Copy the lines below exactly. Start at the first and finish with the line containing "Tenis Nike Sb".

Records from a collection
********************
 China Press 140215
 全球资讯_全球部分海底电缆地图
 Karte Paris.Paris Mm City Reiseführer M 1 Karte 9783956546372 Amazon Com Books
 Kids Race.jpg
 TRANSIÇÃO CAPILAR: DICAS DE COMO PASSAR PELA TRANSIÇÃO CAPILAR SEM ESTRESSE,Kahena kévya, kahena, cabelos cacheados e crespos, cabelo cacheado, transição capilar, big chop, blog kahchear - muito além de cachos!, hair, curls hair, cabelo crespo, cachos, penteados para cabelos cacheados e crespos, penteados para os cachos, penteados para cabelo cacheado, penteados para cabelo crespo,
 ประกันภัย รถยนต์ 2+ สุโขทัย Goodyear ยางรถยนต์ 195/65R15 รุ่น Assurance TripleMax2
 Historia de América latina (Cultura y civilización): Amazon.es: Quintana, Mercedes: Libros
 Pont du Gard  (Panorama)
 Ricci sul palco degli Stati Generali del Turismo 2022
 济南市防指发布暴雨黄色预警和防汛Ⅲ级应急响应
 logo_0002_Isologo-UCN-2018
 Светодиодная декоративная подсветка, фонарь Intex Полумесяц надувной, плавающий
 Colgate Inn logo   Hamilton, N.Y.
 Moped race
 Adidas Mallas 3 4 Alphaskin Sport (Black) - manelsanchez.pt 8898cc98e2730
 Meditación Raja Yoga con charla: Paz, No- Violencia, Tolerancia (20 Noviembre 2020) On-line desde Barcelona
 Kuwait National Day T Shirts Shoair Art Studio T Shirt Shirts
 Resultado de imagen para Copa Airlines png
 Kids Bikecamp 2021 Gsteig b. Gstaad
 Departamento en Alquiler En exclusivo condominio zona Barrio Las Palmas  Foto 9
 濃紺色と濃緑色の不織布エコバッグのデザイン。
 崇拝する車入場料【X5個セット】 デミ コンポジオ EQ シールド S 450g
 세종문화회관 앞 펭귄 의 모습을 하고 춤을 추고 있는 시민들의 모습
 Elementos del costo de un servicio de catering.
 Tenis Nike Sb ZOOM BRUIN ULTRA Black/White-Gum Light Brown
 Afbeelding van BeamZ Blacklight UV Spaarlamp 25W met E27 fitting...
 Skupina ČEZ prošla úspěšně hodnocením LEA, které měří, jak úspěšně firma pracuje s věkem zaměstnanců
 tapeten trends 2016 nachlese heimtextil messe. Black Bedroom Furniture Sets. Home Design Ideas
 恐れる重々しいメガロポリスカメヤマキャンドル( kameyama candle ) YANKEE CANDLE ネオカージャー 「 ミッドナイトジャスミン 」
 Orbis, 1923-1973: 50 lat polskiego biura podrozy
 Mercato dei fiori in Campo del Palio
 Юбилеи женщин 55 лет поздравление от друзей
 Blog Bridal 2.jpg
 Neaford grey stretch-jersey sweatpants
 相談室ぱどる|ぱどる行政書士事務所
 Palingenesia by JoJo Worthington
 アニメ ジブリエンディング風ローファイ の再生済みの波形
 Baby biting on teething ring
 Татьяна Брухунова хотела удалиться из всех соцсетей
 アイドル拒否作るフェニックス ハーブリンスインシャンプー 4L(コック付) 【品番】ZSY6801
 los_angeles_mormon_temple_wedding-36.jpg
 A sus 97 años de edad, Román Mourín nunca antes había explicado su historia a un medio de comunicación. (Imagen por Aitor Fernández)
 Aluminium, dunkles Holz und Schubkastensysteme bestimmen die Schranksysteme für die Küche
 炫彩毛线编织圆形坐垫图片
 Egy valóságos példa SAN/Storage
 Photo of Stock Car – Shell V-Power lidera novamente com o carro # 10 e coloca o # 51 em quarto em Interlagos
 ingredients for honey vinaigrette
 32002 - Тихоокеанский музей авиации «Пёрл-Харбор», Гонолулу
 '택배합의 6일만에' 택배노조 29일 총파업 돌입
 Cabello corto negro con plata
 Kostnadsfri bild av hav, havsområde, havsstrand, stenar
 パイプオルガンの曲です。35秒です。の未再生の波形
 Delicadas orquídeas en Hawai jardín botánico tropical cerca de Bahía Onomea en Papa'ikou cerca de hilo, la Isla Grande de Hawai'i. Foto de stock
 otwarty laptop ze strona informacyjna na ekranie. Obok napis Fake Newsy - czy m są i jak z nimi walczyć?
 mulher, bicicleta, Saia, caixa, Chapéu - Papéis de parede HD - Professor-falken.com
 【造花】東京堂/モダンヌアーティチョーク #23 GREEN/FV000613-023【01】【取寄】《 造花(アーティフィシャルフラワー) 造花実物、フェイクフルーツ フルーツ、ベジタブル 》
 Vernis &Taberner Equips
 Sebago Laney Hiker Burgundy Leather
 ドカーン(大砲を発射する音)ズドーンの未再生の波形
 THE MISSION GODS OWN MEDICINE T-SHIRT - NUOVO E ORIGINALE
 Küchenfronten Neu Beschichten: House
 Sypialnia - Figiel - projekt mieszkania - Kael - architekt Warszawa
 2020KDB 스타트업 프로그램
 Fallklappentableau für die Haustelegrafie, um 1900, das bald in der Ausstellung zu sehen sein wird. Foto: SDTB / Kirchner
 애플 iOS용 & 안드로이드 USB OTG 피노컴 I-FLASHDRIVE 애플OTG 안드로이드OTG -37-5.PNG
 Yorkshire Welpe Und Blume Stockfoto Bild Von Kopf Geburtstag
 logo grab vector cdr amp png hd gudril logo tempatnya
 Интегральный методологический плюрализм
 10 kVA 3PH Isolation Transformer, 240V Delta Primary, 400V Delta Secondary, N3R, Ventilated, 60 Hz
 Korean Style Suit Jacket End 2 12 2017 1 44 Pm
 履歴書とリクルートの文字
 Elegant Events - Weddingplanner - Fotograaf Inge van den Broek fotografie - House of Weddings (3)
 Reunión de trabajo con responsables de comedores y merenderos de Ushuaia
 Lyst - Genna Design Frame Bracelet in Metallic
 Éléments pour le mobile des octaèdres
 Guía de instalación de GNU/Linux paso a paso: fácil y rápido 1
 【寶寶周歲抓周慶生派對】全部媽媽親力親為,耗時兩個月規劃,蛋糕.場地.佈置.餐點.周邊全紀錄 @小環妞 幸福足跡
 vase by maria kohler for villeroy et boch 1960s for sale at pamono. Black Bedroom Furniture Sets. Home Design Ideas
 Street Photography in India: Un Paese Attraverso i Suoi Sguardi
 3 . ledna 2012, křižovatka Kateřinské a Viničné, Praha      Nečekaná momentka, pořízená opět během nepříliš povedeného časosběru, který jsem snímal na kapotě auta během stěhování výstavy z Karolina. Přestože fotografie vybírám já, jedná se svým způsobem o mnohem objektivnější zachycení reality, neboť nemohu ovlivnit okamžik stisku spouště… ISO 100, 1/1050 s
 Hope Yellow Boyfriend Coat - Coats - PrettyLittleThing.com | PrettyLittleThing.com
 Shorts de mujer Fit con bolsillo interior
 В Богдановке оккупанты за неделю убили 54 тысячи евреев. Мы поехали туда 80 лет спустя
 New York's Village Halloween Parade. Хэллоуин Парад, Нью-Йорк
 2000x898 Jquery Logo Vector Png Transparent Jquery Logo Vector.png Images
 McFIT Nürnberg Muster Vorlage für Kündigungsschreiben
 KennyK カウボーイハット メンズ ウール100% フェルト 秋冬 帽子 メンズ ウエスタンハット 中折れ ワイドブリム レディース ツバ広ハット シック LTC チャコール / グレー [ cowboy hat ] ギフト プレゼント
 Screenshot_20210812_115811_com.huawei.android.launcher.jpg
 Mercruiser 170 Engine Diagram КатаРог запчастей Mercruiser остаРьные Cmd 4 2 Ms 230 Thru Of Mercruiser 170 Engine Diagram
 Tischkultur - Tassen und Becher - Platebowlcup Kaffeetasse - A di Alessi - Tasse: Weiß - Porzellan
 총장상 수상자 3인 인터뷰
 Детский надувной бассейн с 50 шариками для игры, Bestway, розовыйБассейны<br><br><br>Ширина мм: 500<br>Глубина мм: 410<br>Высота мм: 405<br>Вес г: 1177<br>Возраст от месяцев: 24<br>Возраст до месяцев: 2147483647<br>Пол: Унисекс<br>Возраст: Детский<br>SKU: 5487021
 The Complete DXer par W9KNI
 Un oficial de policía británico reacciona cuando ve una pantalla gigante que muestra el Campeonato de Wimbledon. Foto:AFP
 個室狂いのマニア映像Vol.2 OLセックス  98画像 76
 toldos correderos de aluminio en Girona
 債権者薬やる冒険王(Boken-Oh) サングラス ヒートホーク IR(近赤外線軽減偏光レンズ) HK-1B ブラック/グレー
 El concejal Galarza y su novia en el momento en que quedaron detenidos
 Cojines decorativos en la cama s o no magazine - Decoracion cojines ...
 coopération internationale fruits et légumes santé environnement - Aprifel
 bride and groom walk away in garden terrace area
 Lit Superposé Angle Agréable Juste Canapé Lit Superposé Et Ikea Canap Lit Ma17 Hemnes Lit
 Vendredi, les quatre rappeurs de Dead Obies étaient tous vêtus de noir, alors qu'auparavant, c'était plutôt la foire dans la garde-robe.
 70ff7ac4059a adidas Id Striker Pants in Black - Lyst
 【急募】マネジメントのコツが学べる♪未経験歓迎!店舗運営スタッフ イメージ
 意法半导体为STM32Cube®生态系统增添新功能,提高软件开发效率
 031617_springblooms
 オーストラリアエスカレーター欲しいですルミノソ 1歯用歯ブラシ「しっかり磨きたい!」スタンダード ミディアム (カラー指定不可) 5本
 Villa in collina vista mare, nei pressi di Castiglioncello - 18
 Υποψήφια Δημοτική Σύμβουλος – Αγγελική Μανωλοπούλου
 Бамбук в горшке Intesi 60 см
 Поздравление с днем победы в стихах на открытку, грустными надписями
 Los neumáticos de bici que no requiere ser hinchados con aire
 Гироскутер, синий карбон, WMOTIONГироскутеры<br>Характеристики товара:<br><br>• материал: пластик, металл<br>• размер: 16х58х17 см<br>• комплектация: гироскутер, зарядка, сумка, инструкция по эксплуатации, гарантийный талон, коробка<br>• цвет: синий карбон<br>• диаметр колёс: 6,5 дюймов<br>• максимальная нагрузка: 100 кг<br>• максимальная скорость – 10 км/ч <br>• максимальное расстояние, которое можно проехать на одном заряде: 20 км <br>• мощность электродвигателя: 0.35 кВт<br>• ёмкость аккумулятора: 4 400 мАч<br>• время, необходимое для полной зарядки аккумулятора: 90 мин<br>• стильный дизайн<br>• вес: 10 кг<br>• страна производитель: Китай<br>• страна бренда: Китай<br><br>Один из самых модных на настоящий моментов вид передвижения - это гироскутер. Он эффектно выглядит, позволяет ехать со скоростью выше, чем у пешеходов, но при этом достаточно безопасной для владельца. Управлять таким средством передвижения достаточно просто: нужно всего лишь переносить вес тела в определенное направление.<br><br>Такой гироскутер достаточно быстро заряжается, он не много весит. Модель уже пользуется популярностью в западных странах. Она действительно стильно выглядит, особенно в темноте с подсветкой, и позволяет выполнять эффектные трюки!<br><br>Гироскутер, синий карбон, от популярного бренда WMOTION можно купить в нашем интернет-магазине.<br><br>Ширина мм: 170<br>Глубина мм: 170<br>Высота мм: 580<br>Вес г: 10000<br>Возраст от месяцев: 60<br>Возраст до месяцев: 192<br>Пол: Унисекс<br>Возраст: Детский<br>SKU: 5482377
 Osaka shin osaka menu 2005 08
********************
### Exercise answer:
 China Press 140215
 全球资讯_全球部分海底电缆地图
 Karte Paris.Paris Mm City Reiseführer M 1 Karte 9783956546372 Amazon Com Books
 Kids Race.jpg
 TRANSIÇÃO CAPILAR: DICAS DE COMO PASSAR PELA TRANSIÇÃO CAPILAR SEM ESTRESSE,Kahena kévya, kahena, cabelos cacheados e crespos, cabelo cacheado, transição capilar, big chop, blog kahchear - muito além de cachos!, hair, curls hair, cabelo crespo, cachos, penteados para cabelos cacheados e crespos, penteados para os cachos, penteados para cabelo cacheado, penteados para cabelo crespo,
 ประกันภัย รถยนต์ 2+ สุโขทัย Goodyear ยางรถยนต์ 195/65R15 รุ่น Assurance TripleMax2
 Historia de América latina (Cultura y civilización): Amazon.es: Quintana, Mercedes: Libros
 Pont du Gard  (Panorama)
 Ricci sul palco degli Stati Generali del Turismo 2022
 济南市防指发布暴雨黄色预警和防汛Ⅲ级应急响应
 logo_0002_Isologo-UCN-2018
 Светодиодная декоративная подсветка, фонарь Intex Полумесяц надувной, плавающий
 Colgate Inn logo   Hamilton, N.Y.
 Moped race
 Adidas Mallas 3 4 Alphaskin Sport (Black) - manelsanchez.pt 8898cc98e2730
 Meditación Raja Yoga con charla: Paz, No- Violencia, Tolerancia (20 Noviembre 2020) On-line desde Barcelona
 Kuwait National Day T Shirts Shoair Art Studio T Shirt Shirts
 Resultado de imagen para Copa Airlines png
 Kids Bikecamp 2021 Gsteig b. Gstaad
 Departamento en Alquiler En exclusivo condominio zona Barrio Las Palmas  Foto 9
 濃紺色と濃緑色の不織布エコバッグのデザイン。
 崇拝する車入場料【X5個セット】 デミ コンポジオ EQ シールド S 450g
 세종문화회관 앞 펭귄 의 모습을 하고 춤을 추고 있는 시민들의 모습
 Elementos del costo de un servicio de catering.
 Tenis Nike Sb ZOOM BRUIN ULTRA Black/White-Gum Light Brown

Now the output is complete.